If it’s helpful I tried truncating at the lengths of 50, 100, and 150 using the default settings. I also tried truncating at the same length with the --p-max-ee 250 and --p-trunc-q 250; I arbitrarily set them at that value so they would be so high that nothing would be filtered out. If you look at my quality plot, there the quality is comparably high between ~40-60 sequence base so I also went ahead and tried truncating at a length of 55 with --p-trim-left 40 first with default --p-max-ee and --p-trunc-q settings and then both increased to 250. In any case, no reads passed the filter at any time.
Do you have any suggestions on what might be happening? Again, I realize that I would ideally have higher quality data. However, based on the output I pasted in my original post I have sequences that are a length of 251nt that generally have a quality score of greater than 10. Therefore I would expect I would at least get some sequences back in any of the scenarios I described above.
2 Likes
Hi @katinker,
Sorry about the delay in response here. Long weekend up in , been away from the computer most of it.
So when you set everything to default and the truncating parameter to 50, 100, or 150 bp you get 0 reads passing?
Setting the --p-trunc-q 250
will have the opposite effect of what you are expecting.
--p-trunc-q INTEGER Reads are truncated at the first instance of a
quality score less than or equal to this value. If
the resulting read is then shorter than `trunc-len`,
it is discarded. [default: 2]
Meaning that all of your reads will be truncated at the very first position because any number will be below 250, thus will be filtered out. It also doesn't really make sense to set it that high since q-scores here will have a max of 40 anyways, so no surprise that no reads passed in those runs. Those parameters are not your issues here, there is something else causing all of your reads to be filtered out.

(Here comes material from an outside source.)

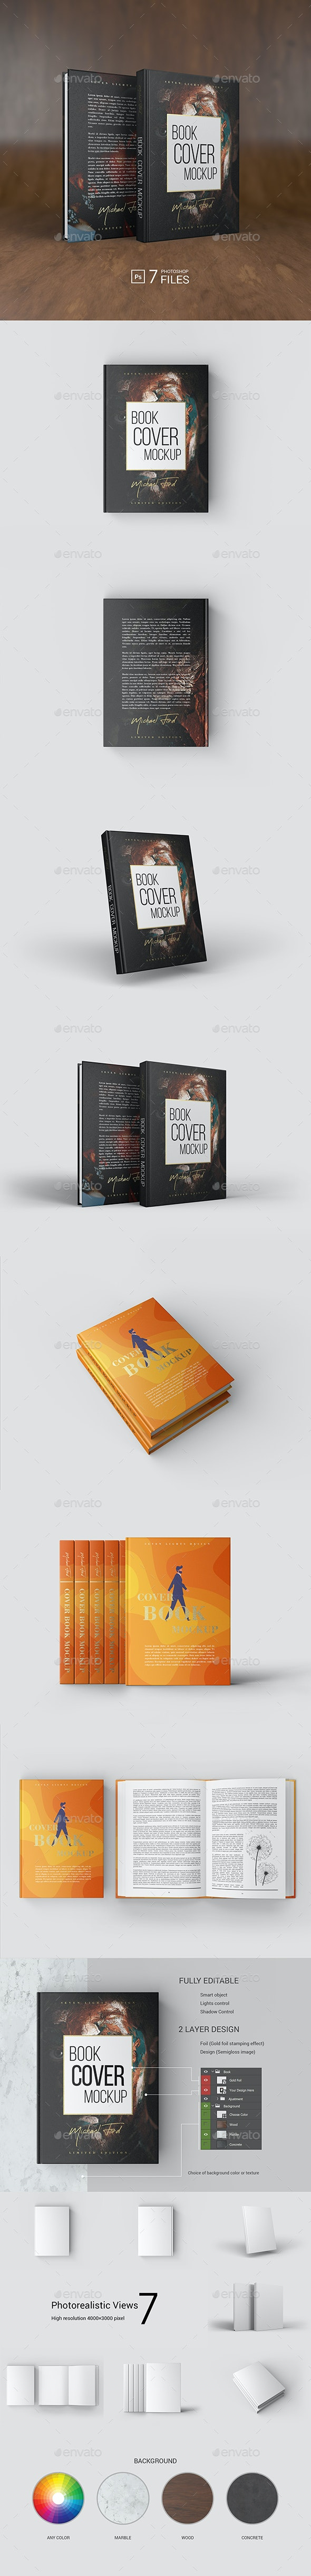 Cover Book Mockup - Books Print

In this case if you trimmed 40 from the 5' and truncated at the 55 position from the 3', that means your reads were only 15 bp in length and DADA2 has a minimum length retention of 20 bp reads by default so again it is no surprise all of those reads were also discarded.
A couple of suggestions:
Have you removed your primers/adapters from these sequences? Those tend to cause some problems with dada2, especially if they were degenerate primers. Make sure this is done and try my initial trim/trunc suggestion with default settings.
Try setting your trim parameter to 30 and your truncating value at say 130, with maxee to 6 to start. This is just to give us an idea where the issue is coming from. If nothing is still passing then we may have a bit more serious issue.

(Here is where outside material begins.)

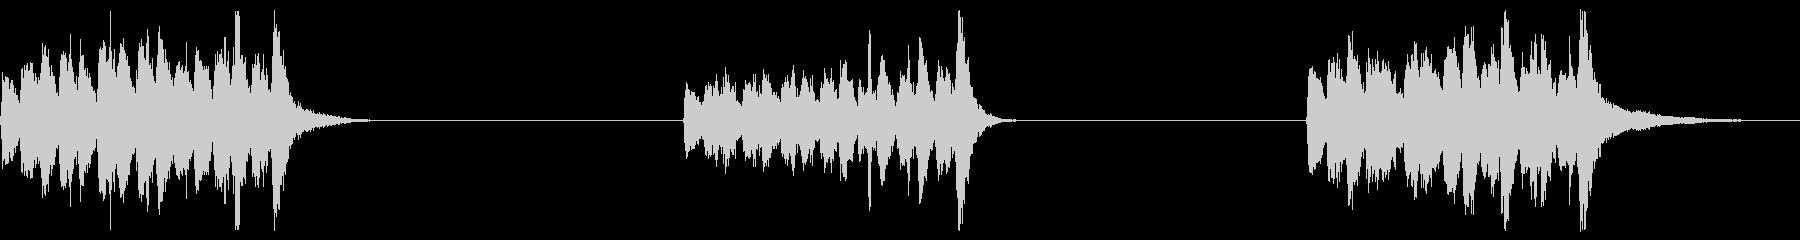 SCALE DOE、3バージョン、...の未再生の波形

There's also the possibility that your reads have ambiguous N
nucleotide in them which will cause dada2 to discard that whole read. Have a look through some of your raw reads to see if that may be the case.
Let's try those first and go from there.
Wow, my initial response made no sense! Apologies–I only saw the top half of your response.

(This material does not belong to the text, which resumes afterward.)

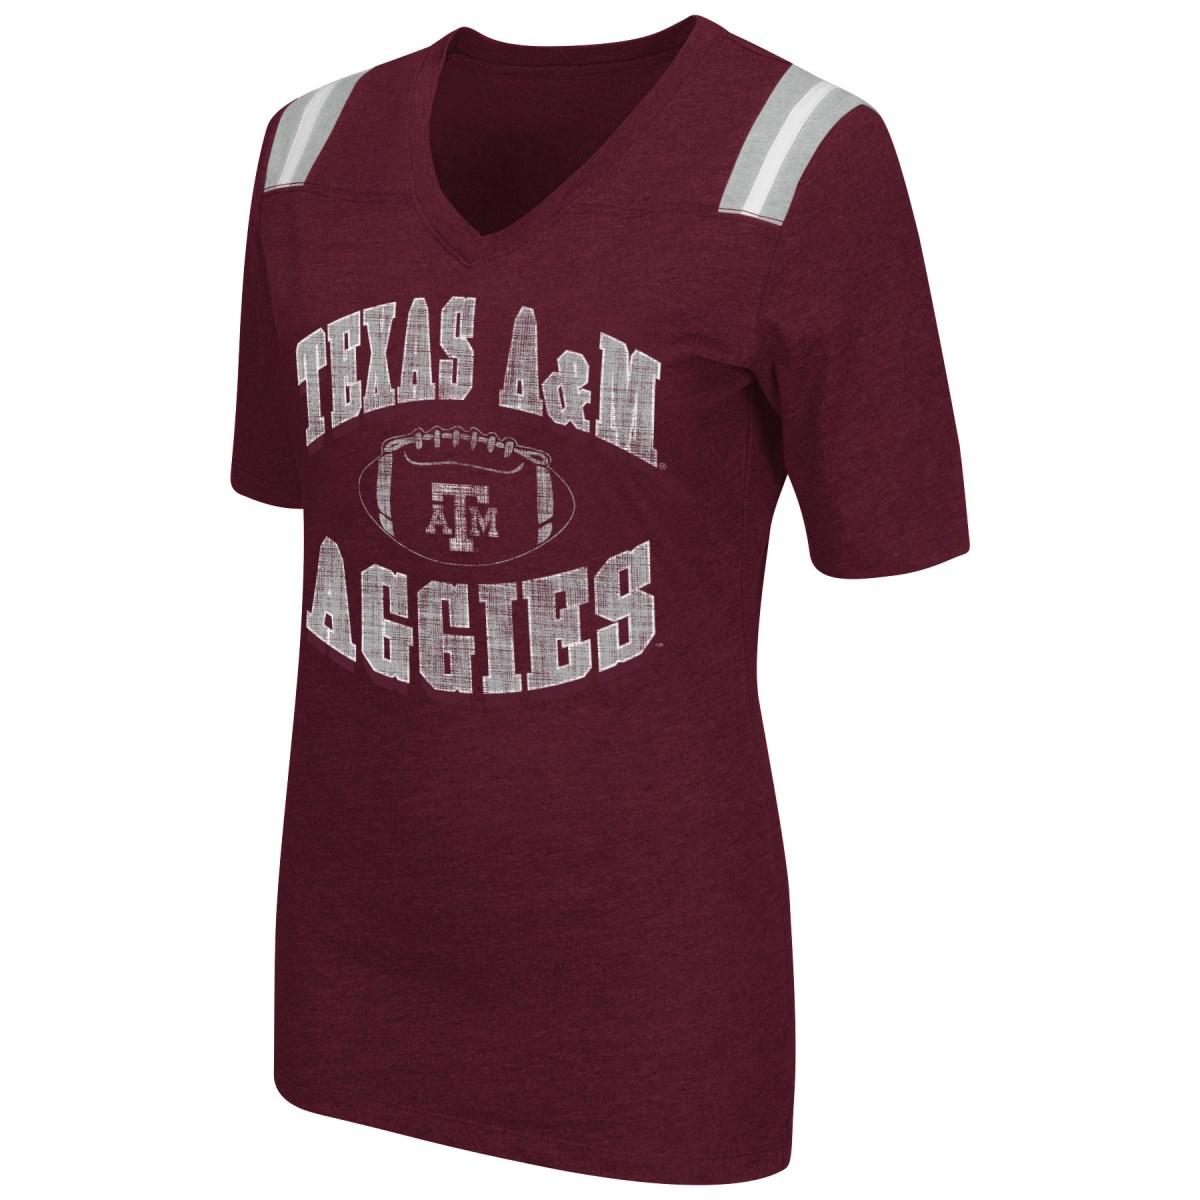 "Texas A&M Aggies Women's NCAA ""Artistic"" Dual Blend Short Sleeve T-Shirt"

I really appreciate your detailed response as to why those sequences were previously filtered out. It makes things a lot more clear!
The primers and adapters should be removed from these sequences. I reran with --p-trim-left 30, --p-trunc-len 130, --p-max-ee 6, and --p-trunc-q at the default value. This worked! I still need to go through the data and think about this, but would appreciate any of your initial thoughts. We work with of challenging environmental samples, which means we often have low quality runs. I haven’t had to trim this much before, though.
2 Likes
Hi @katinker,
Glad something worked out! This initial run was just a quick test to see if there was another underlying issue here or not. You can try relaxing those truncating lengths and see if you are able to retain enough reads to work. Maybe try pushing it up to 160 then 190. My guess you will begin to start losing a lot of reads again.
Good! But certainly worth double-checking if you're not sure.
Without actually seeing the data it's hard for me to guess where the problem is coming from, but my gut feeling is that you have problematic sequences at the beginning of your reads on the 5' (low quality + ambiguous N nts) which causes the reads to be all discarded. When we trimmed 30 bp there I think we bypass that issue so you may be able to retain longer reads by relaxing truncate value, though you will certainly see less reads/sample the longer the reads become.